Wistar researchers successfully evaluated a simple intervention that could unlock higher anti-tumour potential in T-cell therapies, a strategy known as "cell-based therapy," which uses specifically tailored T cells to combat cancer.

Dr. Hildegund C.J. Ertl, a professor at The Wistar Institute's Vaccine & Immunotherapy Centre, led the team that demonstrated an exciting concept: that the common cholesterol drug fenofibrate can boost T cells' ability to destroy human tumours, as described in their new paper, "Treatment with the PPAR agonist fenofibrate improves the efficacy of CD8+ T cell therapy for melanoma," CD8+ T cells work very well in fighting liquid tumours, but for solid tumours like melanoma, the cell-based therapy approach can stall due to the physical structure of the cancer.

The T cells infiltrate the tumour, but cancer adapts and saps the T cells' energy by hijacking the form of metabolism that the T cells use: glycolysis, which turns sugar into energy.

Without energy, the T cells first lose functions and then die, and the cancer continues to grow. However Dr. Ertl's team has been able to circumvent this problem by forcing T cells to use a different energy source than glucose.

They used fenofibrate because, as a cholesterol-lowering compound, the drug is a PPARa agonist. When PPARa is upregulated, cellular metabolism is switched from glycolysis to fatty acid oxidation or FAO.
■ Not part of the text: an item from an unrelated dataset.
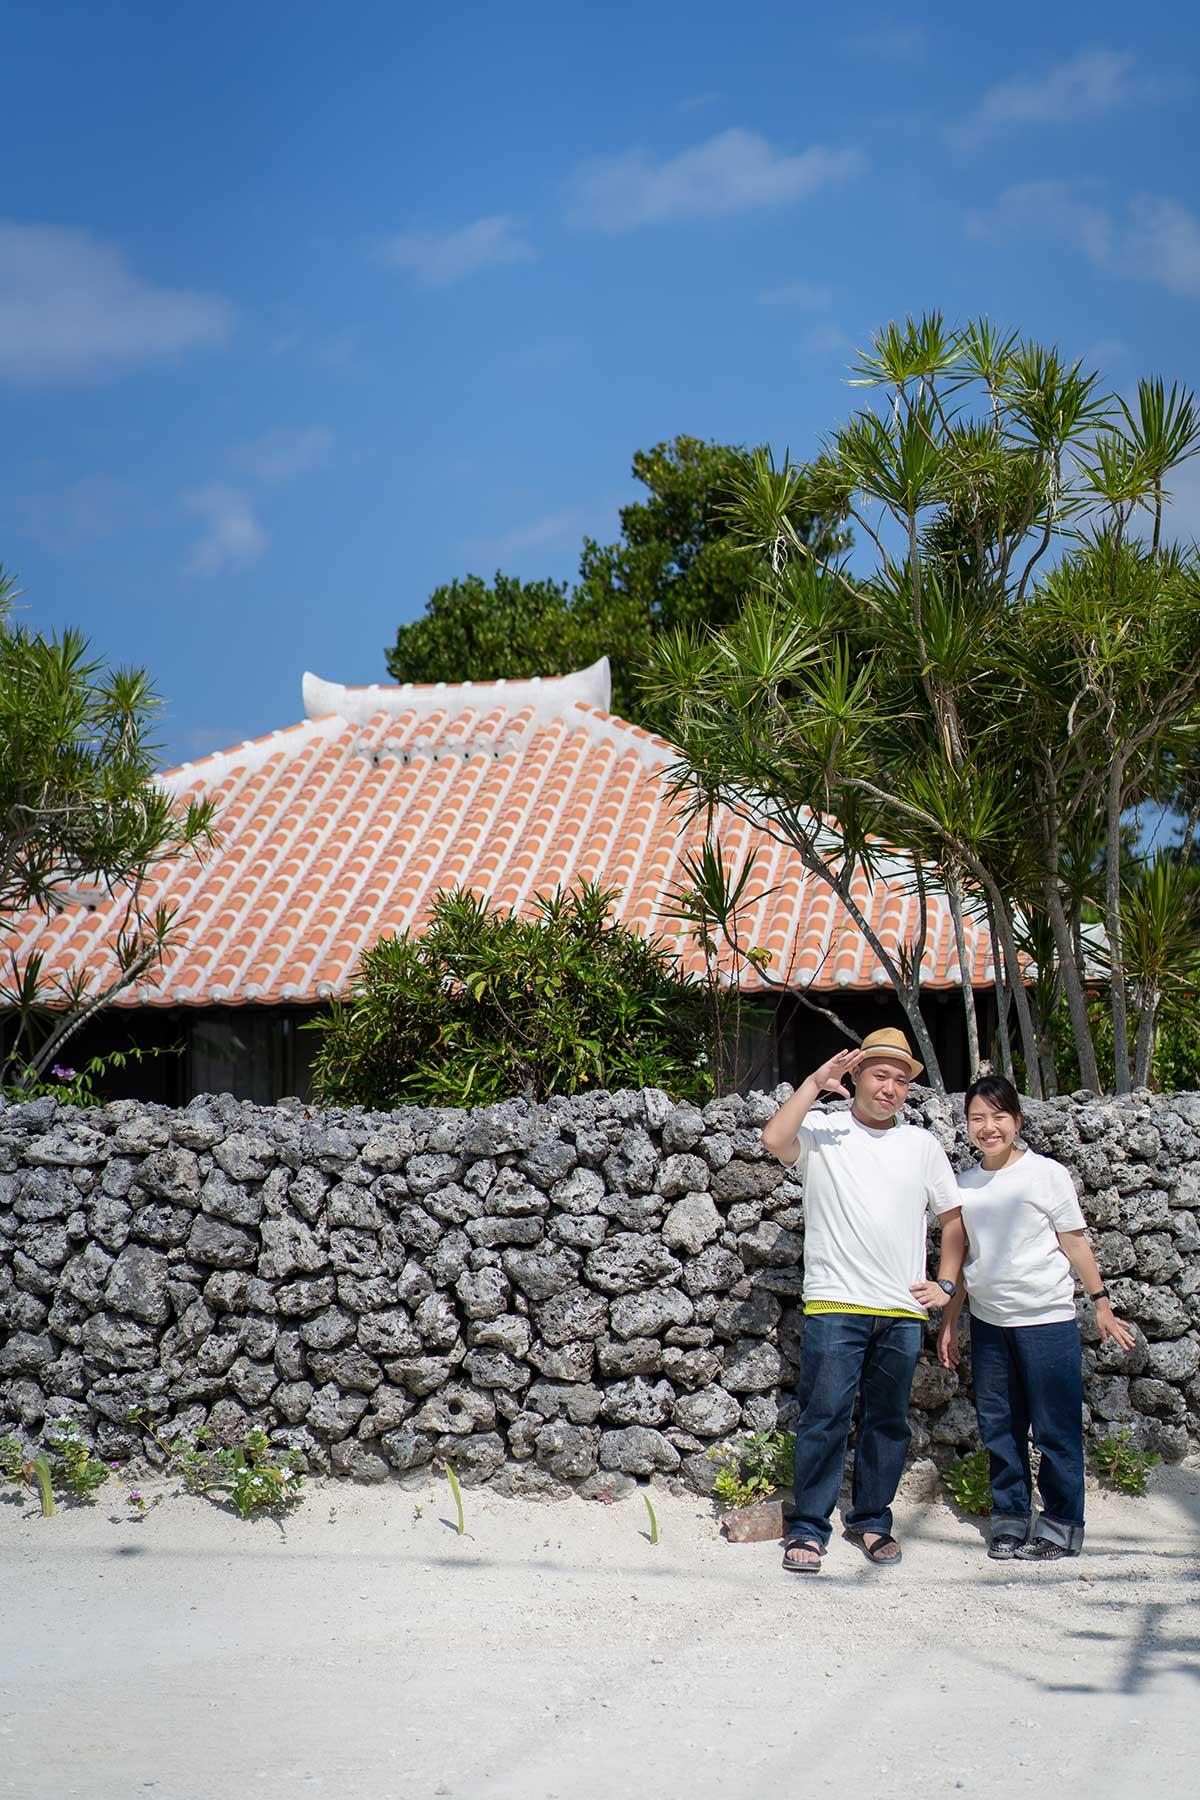 石垣と赤瓦の屋根

This mechanism works to improve cholesterol levels in human patients, but for Dr. Ertl's purposes, the fenofibrate-induced switch to FAO provided T cells with a form of energy that cancer couldn't exploit -- which is how Dr. Ertl proved that fenofibrate has been able to boost the killing power of T cells deployed against cancerous cell lines.
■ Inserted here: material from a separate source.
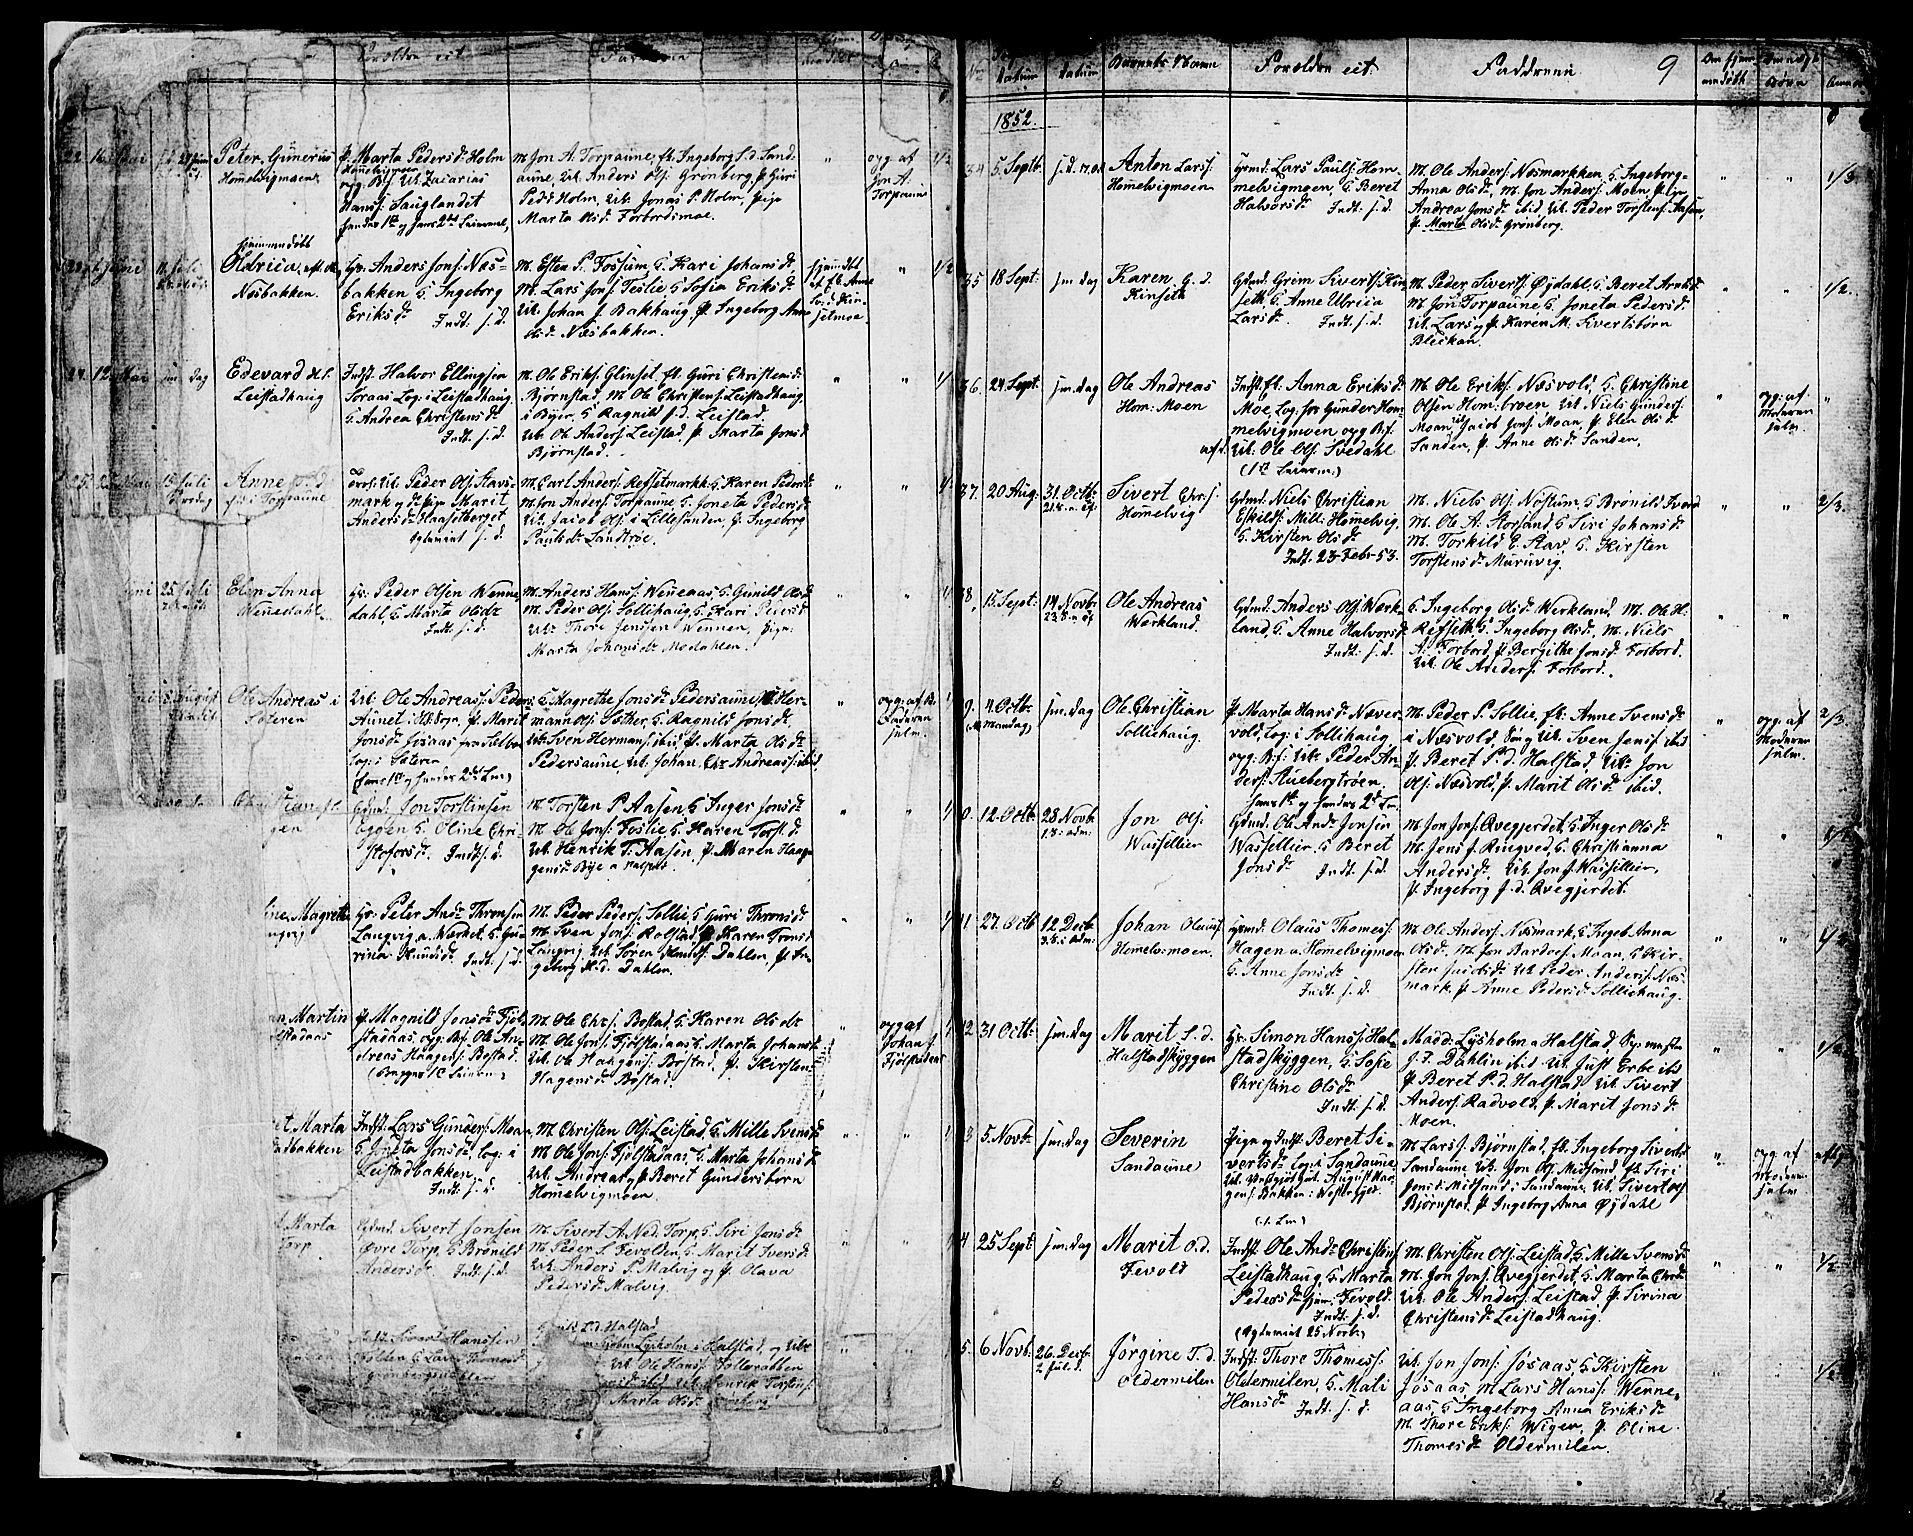 SAT, Ministerialprotokoller, klokkerbøker og fødselsregistre - Sør-Trøndelag, 616/L0422: Klokkerbok nr. 616C05, 1850-1888, s. 7

In this paper, the authors wanted to see whether this kind of cancer-killing improvement would have similar effects when deployed against not just cancer cell lines but solid human tumour fragments -- a more challenging proposition.

The group treated T cells with fenofibrate, and the hypothesis held: Dr. Ertl's team watched the T cells treated with fenofibrate survive longer and kill more cancer in preclinical models with human solid tumour masses than the T cells that didn't receive the treatment.
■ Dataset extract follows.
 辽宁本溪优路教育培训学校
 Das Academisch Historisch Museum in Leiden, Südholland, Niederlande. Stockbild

"Treating T cells with fenofibrate before using them as a cancer treatment flips a switch of sorts in their metabolism," said Dr. Hildegund Ertl.

"Once that switch is flipped, T cells can destroy the cancer much more effectively. And we've confirmed that this holds for larger human tumour masses."

As a result of these findings, Dr. Ertl and her team think this intervention shows great promise for future anti-tumour therapies. "Melanoma is the most dangerous form of skin cancer. Anything we can do to chip away at the cancer and destroy more of it -- even a simple pre-treatment step like this one -- can make a world of difference."